The 2019 text is the final word. No. The OECD updated the AI system definition in 2023 and revised the Recommendation in 2024.
Risks and boundaries
The framework is often misapplied as if it were a ready-made control catalogue. It is not. The text is intentionally high-level and flexible, which is why it travels well across jurisdictions, but also why it cannot by itself tell an organisation exactly what testing, documentation, human review or contracting controls are sufficient in a given sector or country.
It is also not an enforcement regime. The OECD does not fine firms for breaching the principles, and the Recommendation does not itself create private rights, audit certificates or conformity marks. The hard edge appears only when a country or sector turns the same ideas into binding rules.
There are also live limits that the OECD itself has acknowledged. In its 2024 review, some adherents said complementary national or regional legislation was still needed, and that more specific guidance would help in fast-moving areas such as generative AI, advanced models and disinformation. So the framework is best understood as a shared baseline, not a complete answer. It is stable, but not frozen: the OECD has already revised it twice since 2019, and the list of adherents can change over time.
What to do next
Treat the OECD AI Principles as your baseline map, not your full compliance file. First, identify where you are an AI actor in the lifecycle, builder, integrator, buyer, deployer or operator, and where your suppliers and customers sit. Then test each material use case against the five principles: rights and fairness, transparency, robustness and safety, accountability, and broader public benefit including sustainability.
Next, convert that map into evidence. For higher-impact uses, keep clear records of purpose, data provenance, testing and validation, role allocation, human oversight, incident handling, traceability, user information and retirement criteria. If you buy rather than build, ask suppliers for enough documentation to test transparency, robustness, traceability and oversight claims.
Finally, layer on the binding rules that apply in the markets and sectors you operate in. If you work across borders, use the OECD frame to keep core governance consistent, then add local legal controls market by market. That is where the framework is strongest: it gives leaders a common governance language before they move into jurisdiction-specific compliance work.
FAQs
Is the OECD AI Principles framework legally binding?
No. It is an OECD Recommendation, which carries political commitment for adherents but does not itself impose direct legal duties on firms.
Who can adhere to it?
OECD members can adhere, and non-members can adhere as well. As of 4 June 2026, OECD.AI listed 47 adherents including the European Union.
Does it apply to generative AI?
Yes. The OECD updated the AI system definition in 2023 and revised the Recommendation in 2024 to address generative AI, information integrity, misuse and related implementation issues.
Does it cover only developers?
No. It addresses AI actors across the lifecycle, including organisations and individuals that deploy or operate AI.
Is it the same as the EU AI Act?
No.

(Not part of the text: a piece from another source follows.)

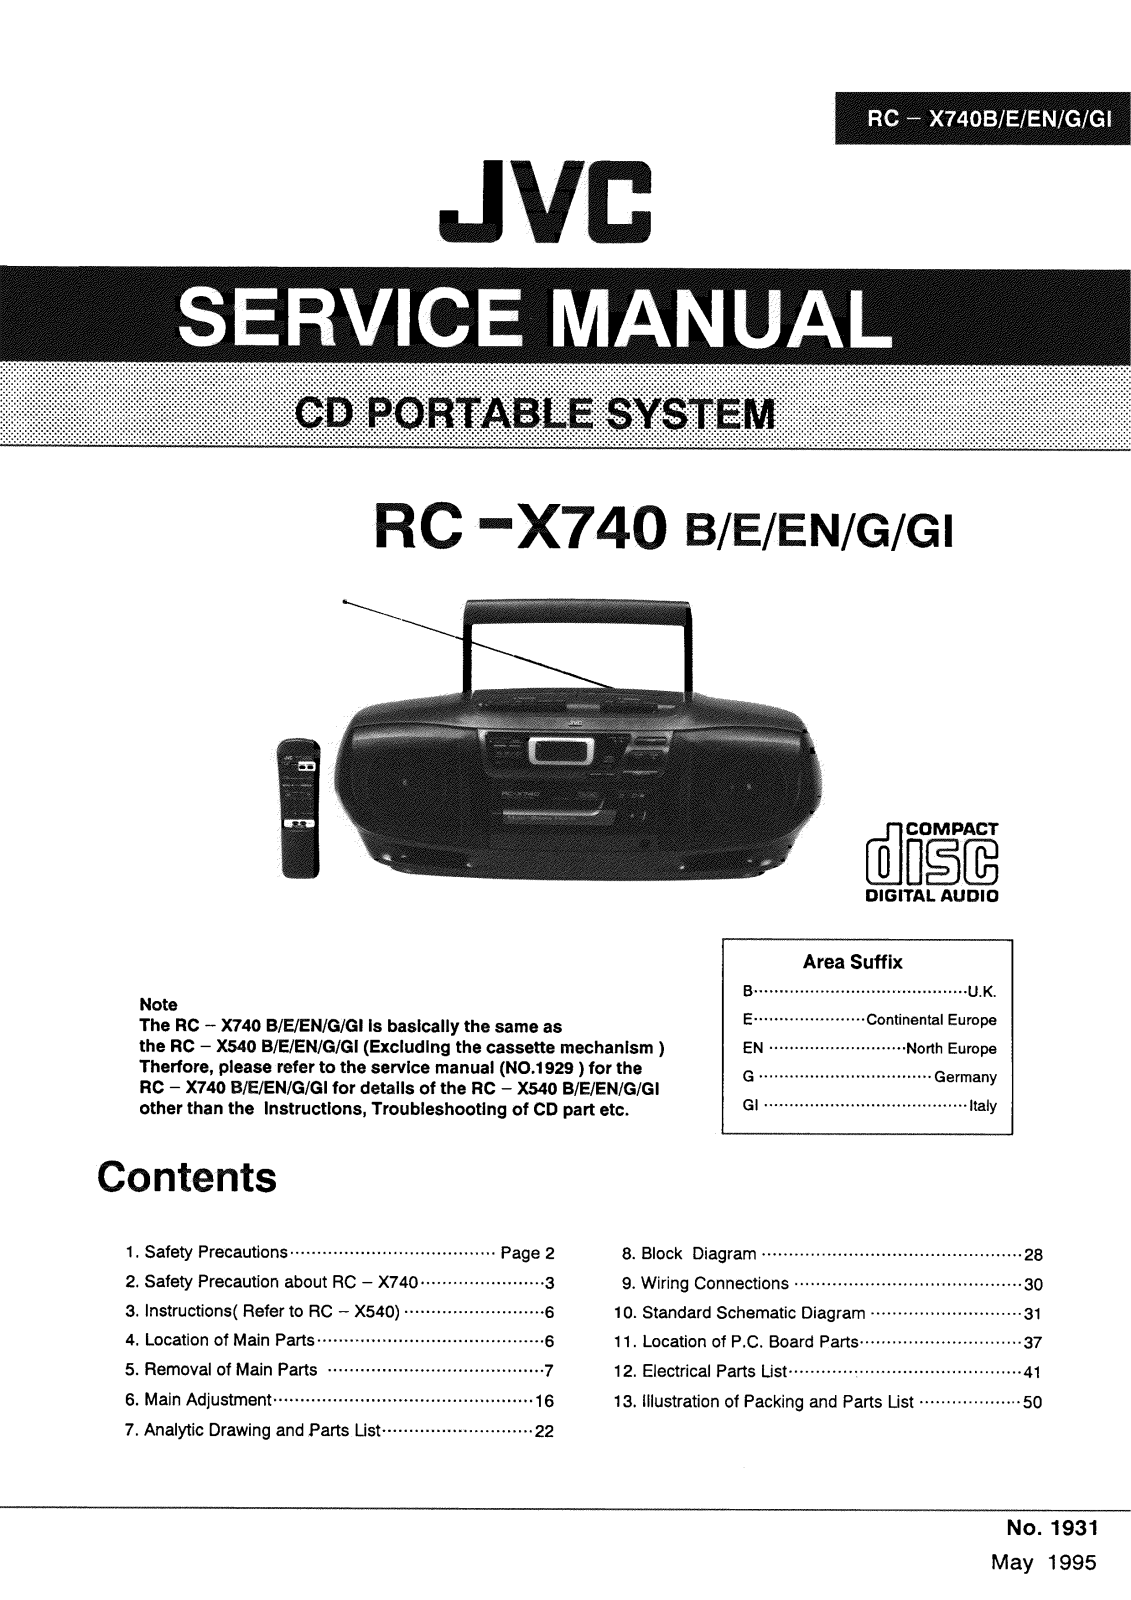 JVC RC-X740B, RC-X740E, RC-X740EN, RC-X740G, RC-X740GI Service Manual

The OECD framework is soft law and a policy reference point. The EU AI Act is binding legislation with specific duties, governance structures and penalties.

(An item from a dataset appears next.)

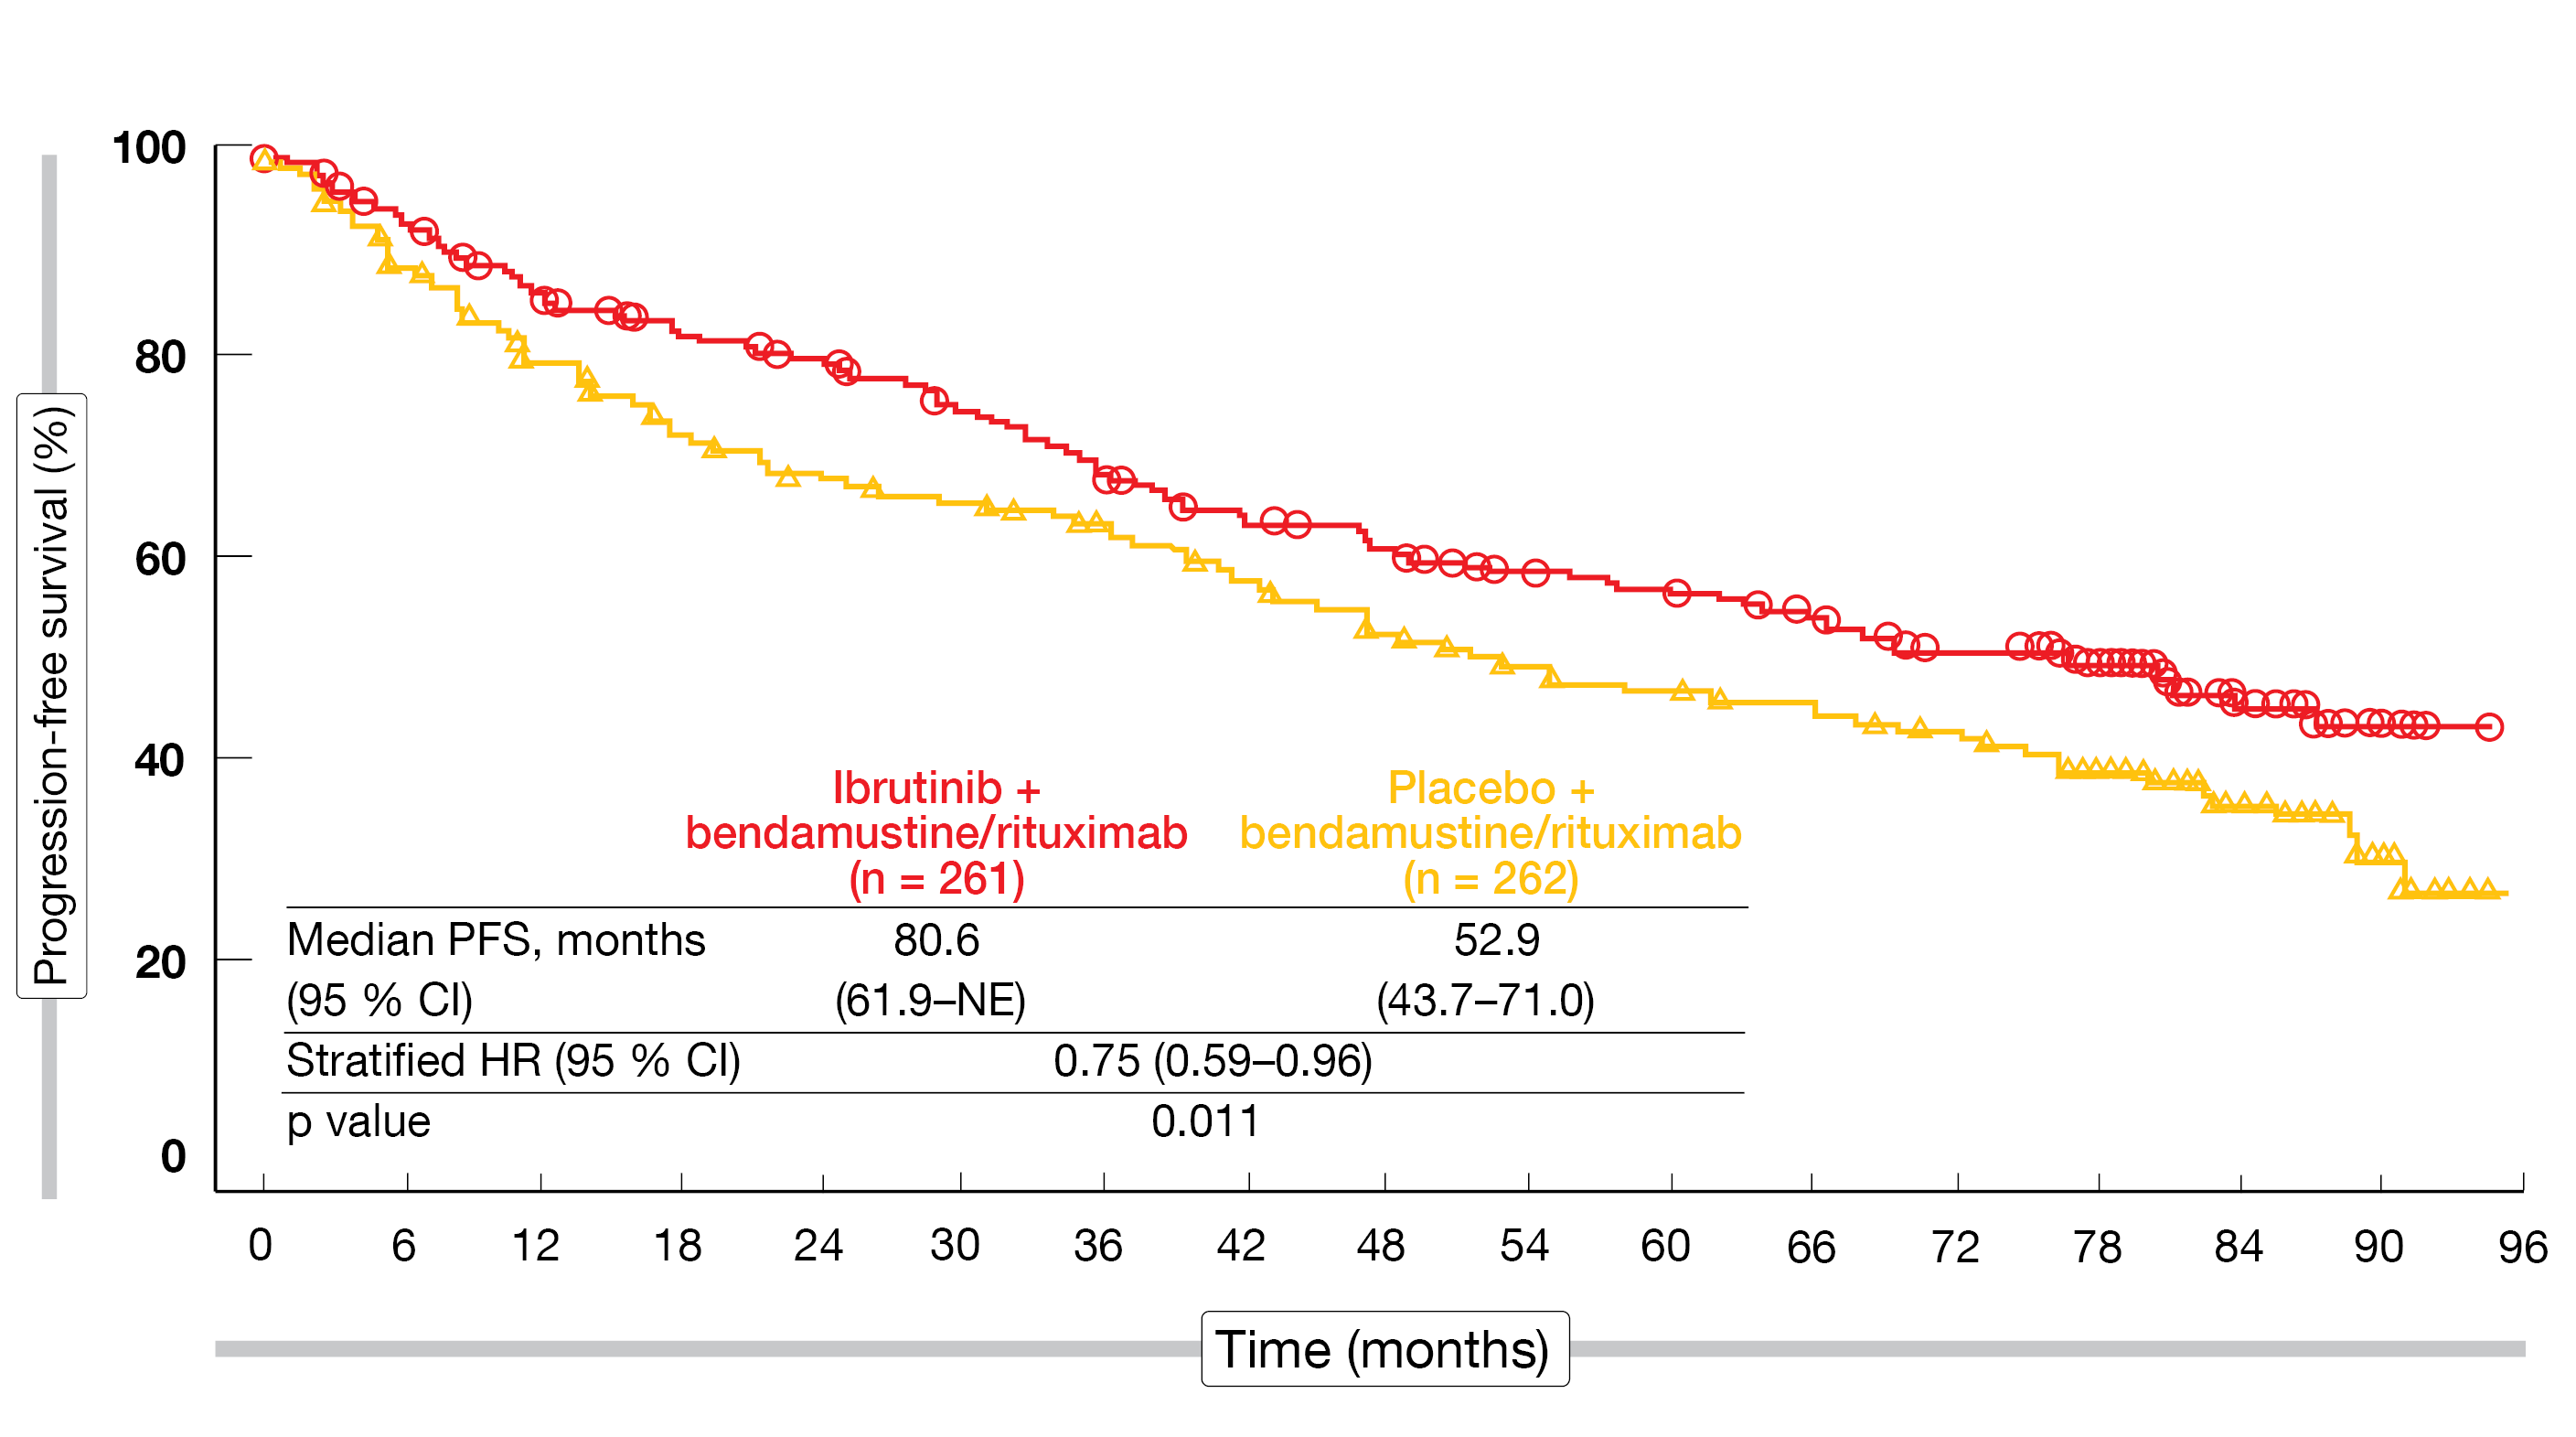 Figure: Improved progression-free survival with ibrutinib plus chemoimmunotherapy vs. placebo plus chemoimmunotherapy in the SHINE study

What is the relationship to the OECD Due Diligence Guidance for Responsible AI?
The principles are the high-level framework. The 2026 due diligence guidance is more operational enterprise guidance linked to responsible business conduct across the AI value chain.

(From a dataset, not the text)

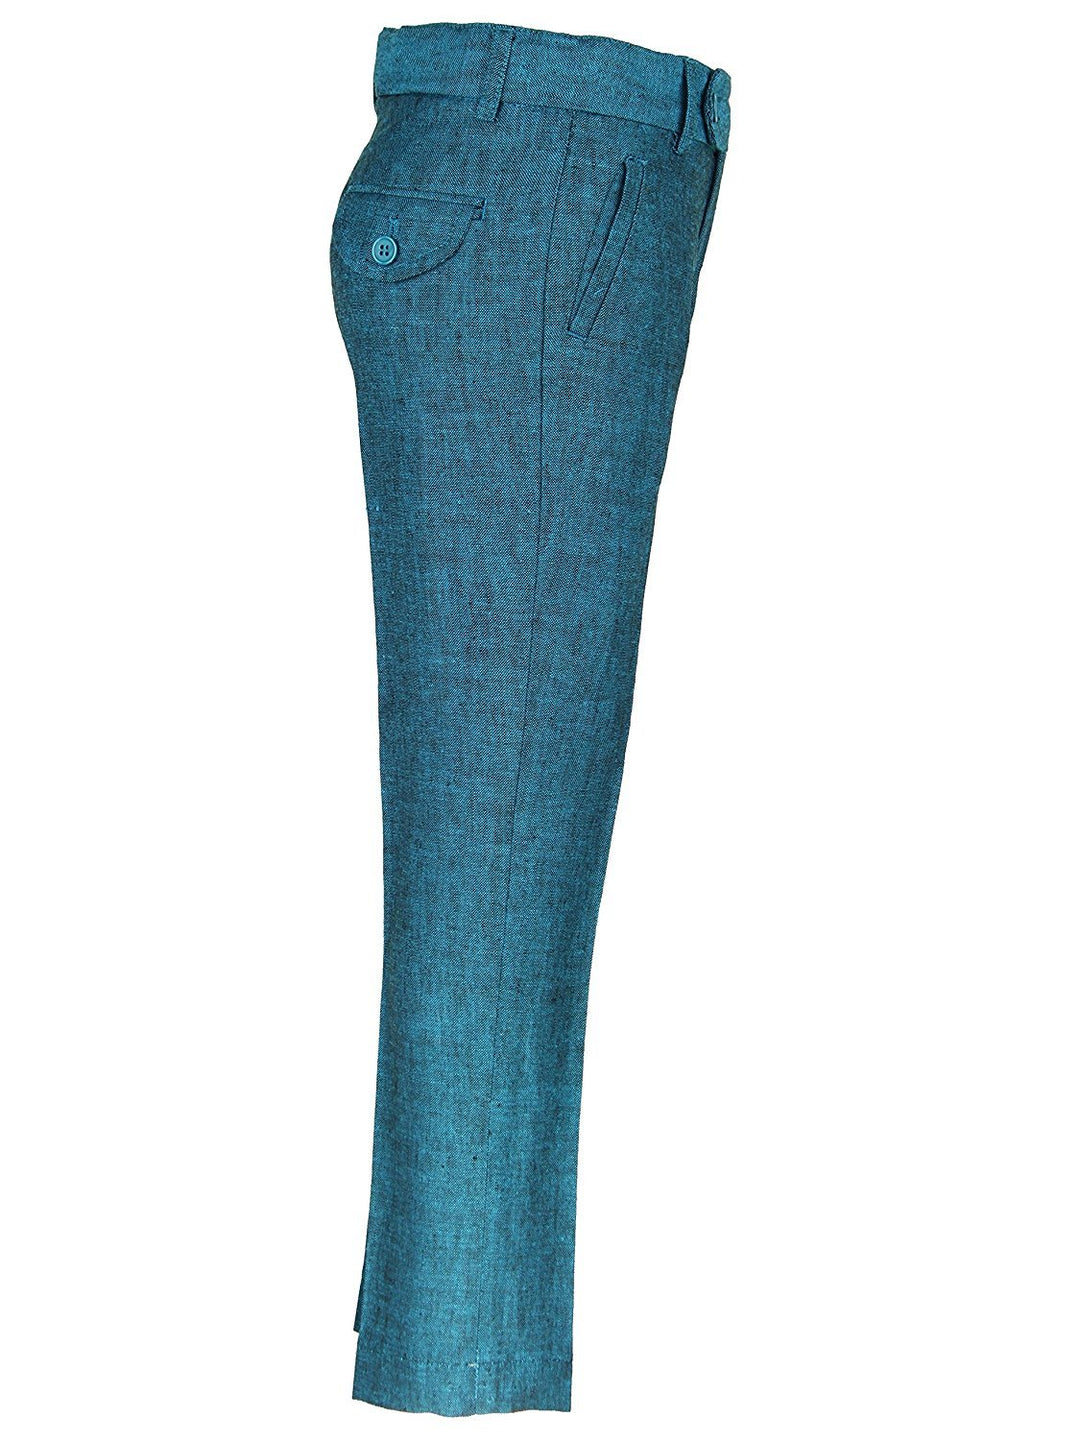 Isaac Mizrahi Boy's 2-20 Slim Fit Flat Front Solid Linen Pants - CLEARANCE - FINAL SALE

Why do buyers and procurement teams care about it?
Because it gives a neutral cross-border baseline for asking suppliers about rights impacts, transparency, traceability, safety, accountability and lifecycle governance before local law questions are added.
Can you certify against the OECD AI Principles?
Not on their own. The framework is a policy instrument, not a certification scheme. An organisation can map it to internal controls or standards, but the Recommendation itself does not create a conformity mark.